• Working data:
-- Opening Marker --
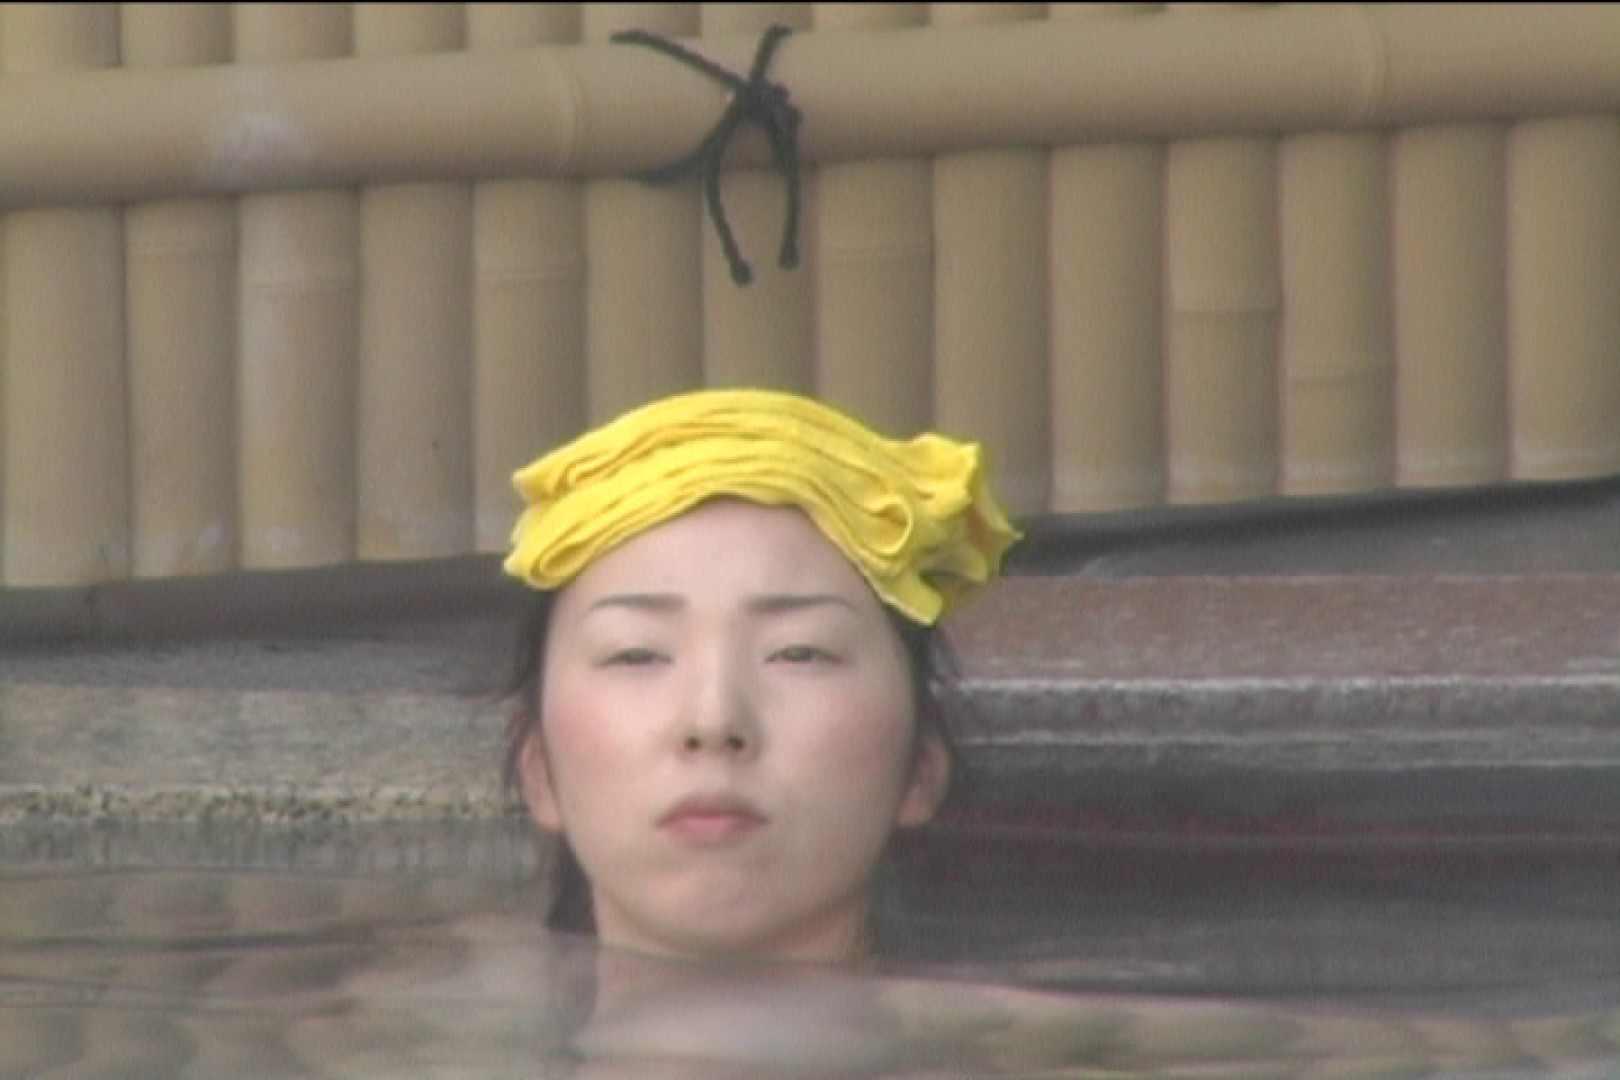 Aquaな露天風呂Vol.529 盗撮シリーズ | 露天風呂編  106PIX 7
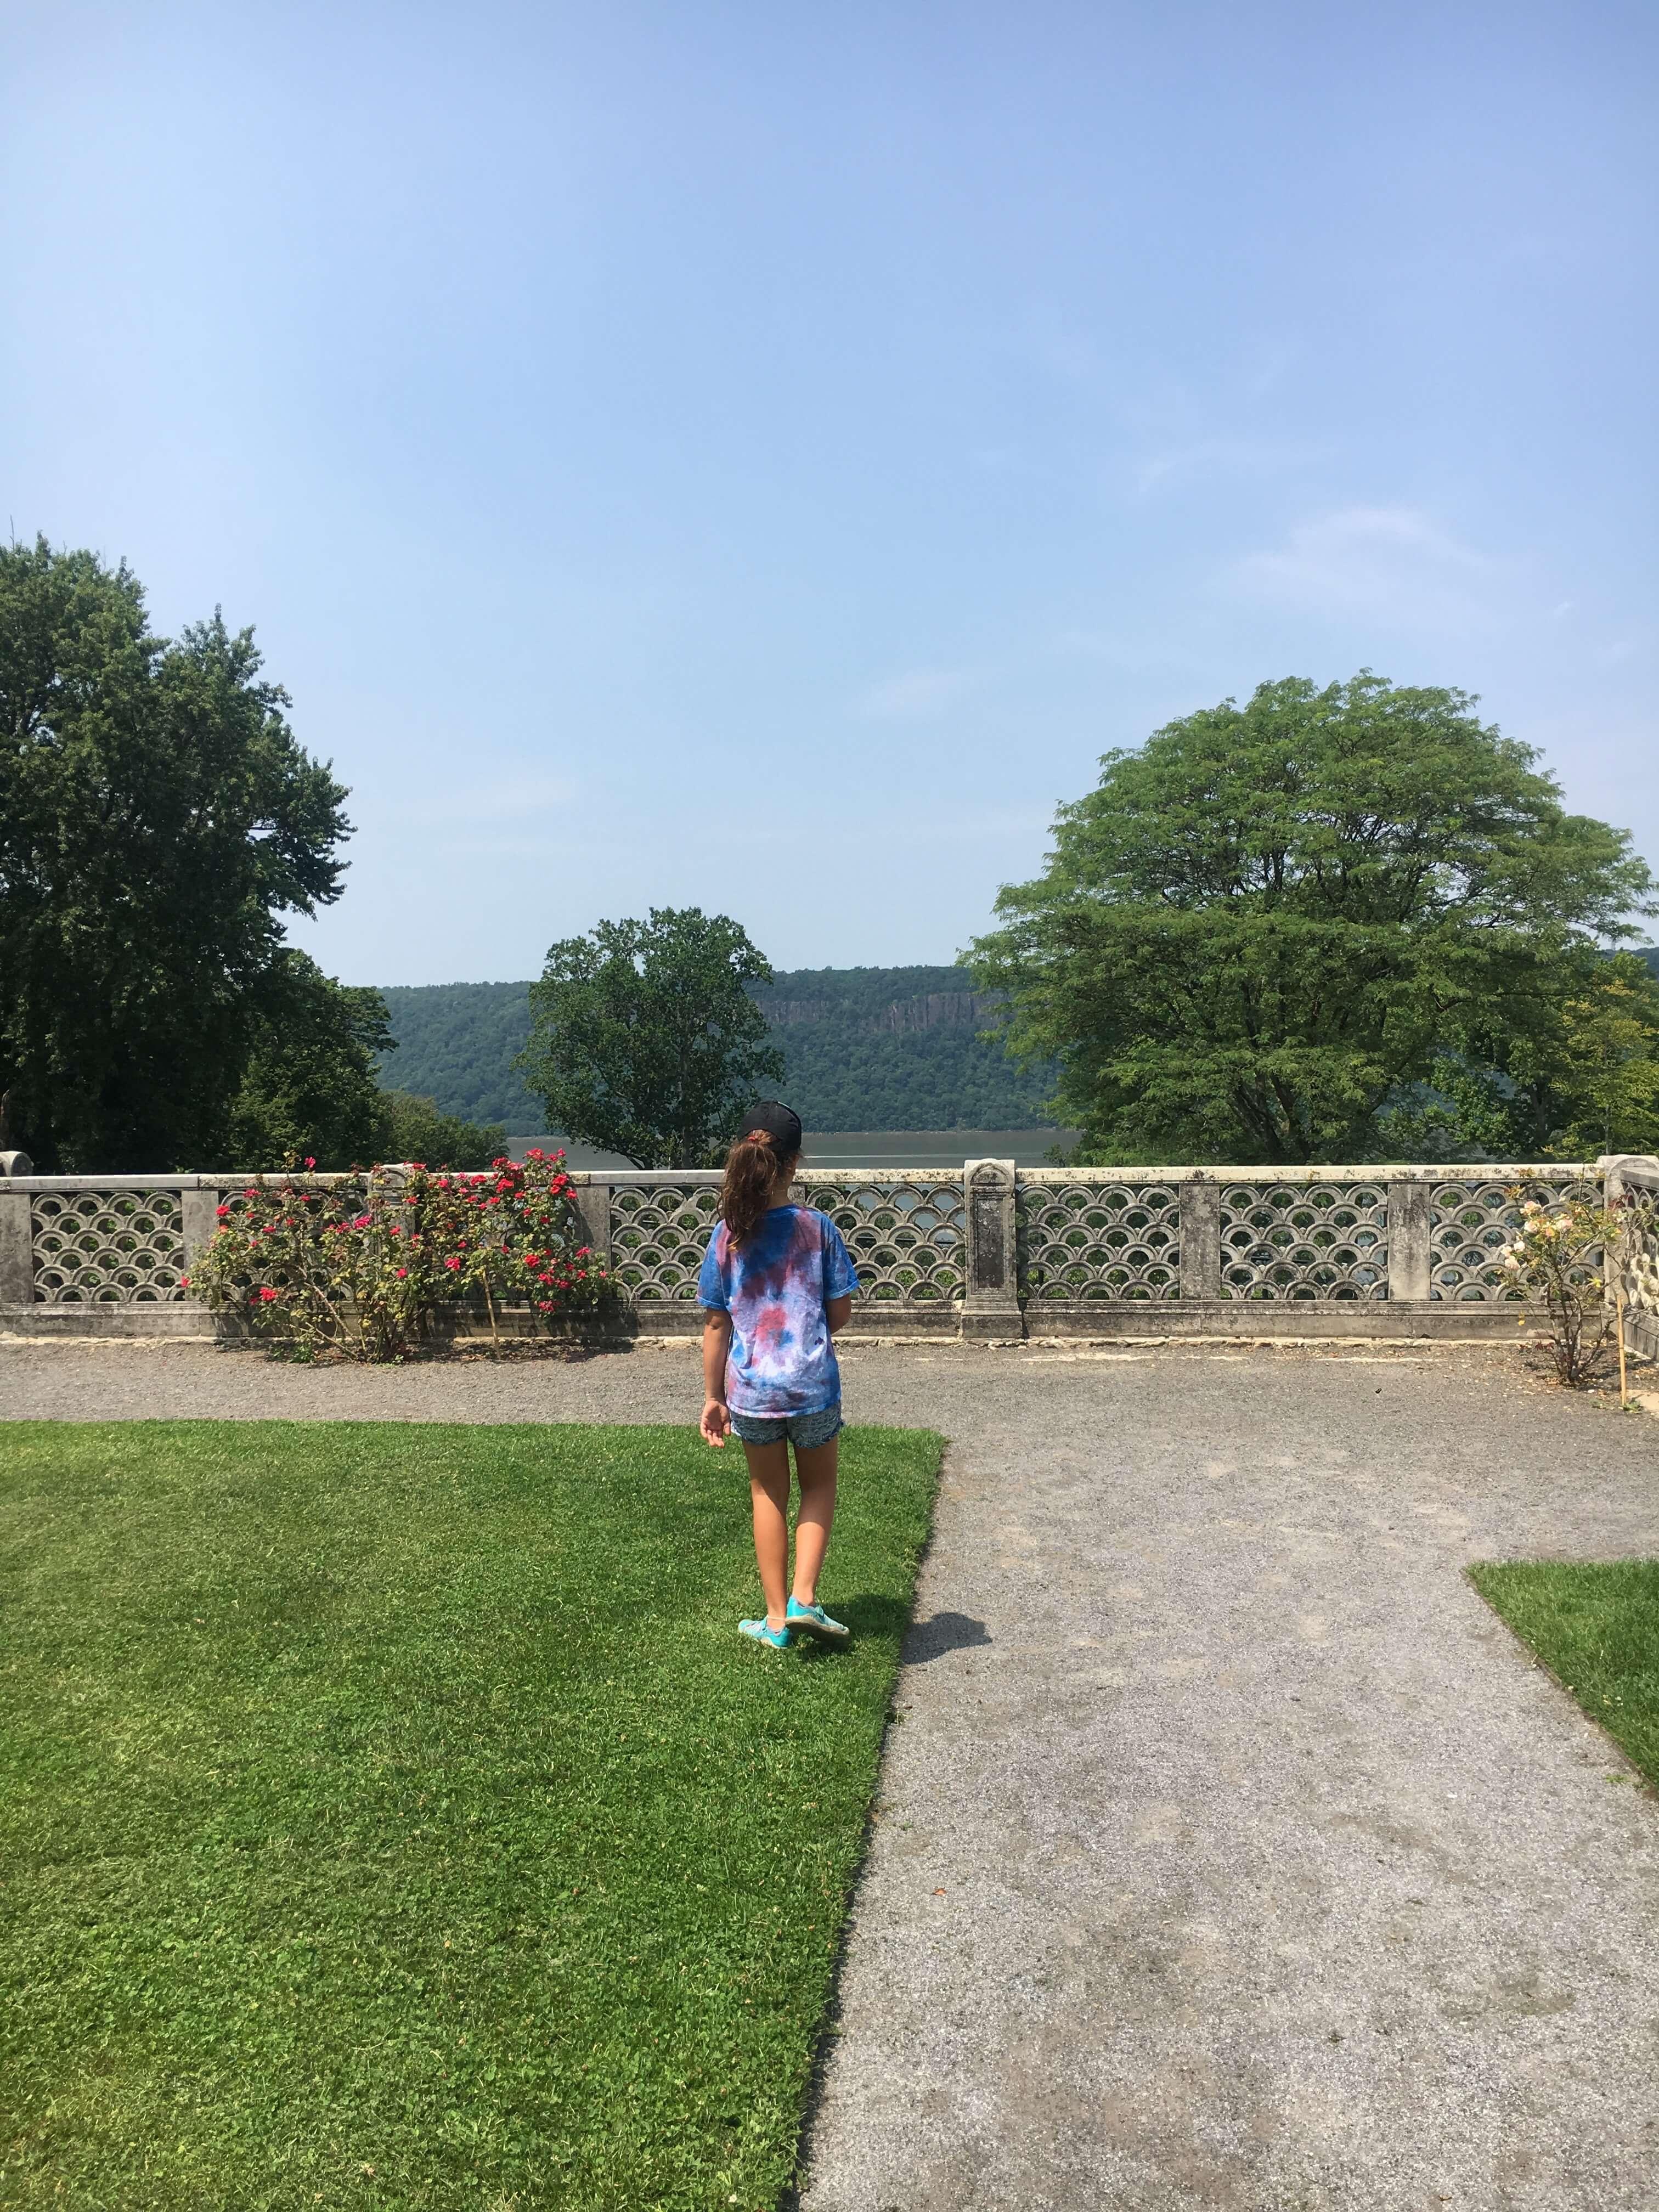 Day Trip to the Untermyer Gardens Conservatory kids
-- Closing Marker --
-- Opening Marker --
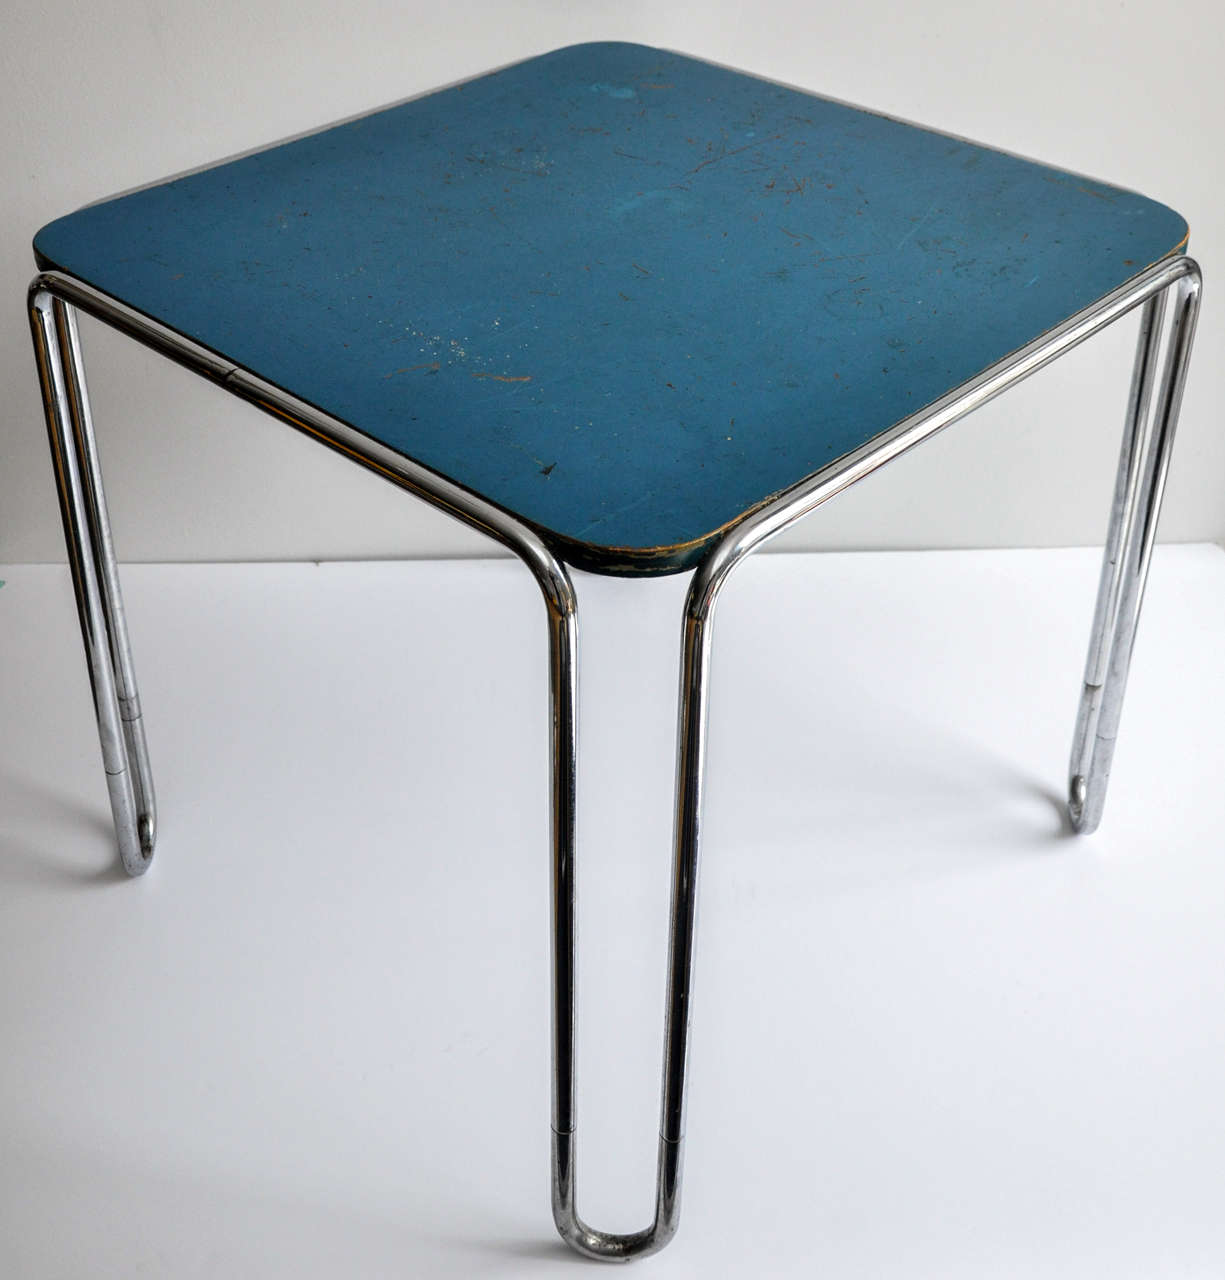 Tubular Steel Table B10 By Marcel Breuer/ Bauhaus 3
-- Closing Marker --
• Prompt: For the entries above, print exactly the lines between the one with "Aquaな露天風呂Vol.529 盗撮シリーズ |" and the one with "Day Trip to", inclusive, with no pictures.

• Answer space:
 Aquaな露天風呂Vol.529 盗撮シリーズ | 露天風呂編  106PIX 7
 Day Trip to the Untermyer Gardens Conservatory kids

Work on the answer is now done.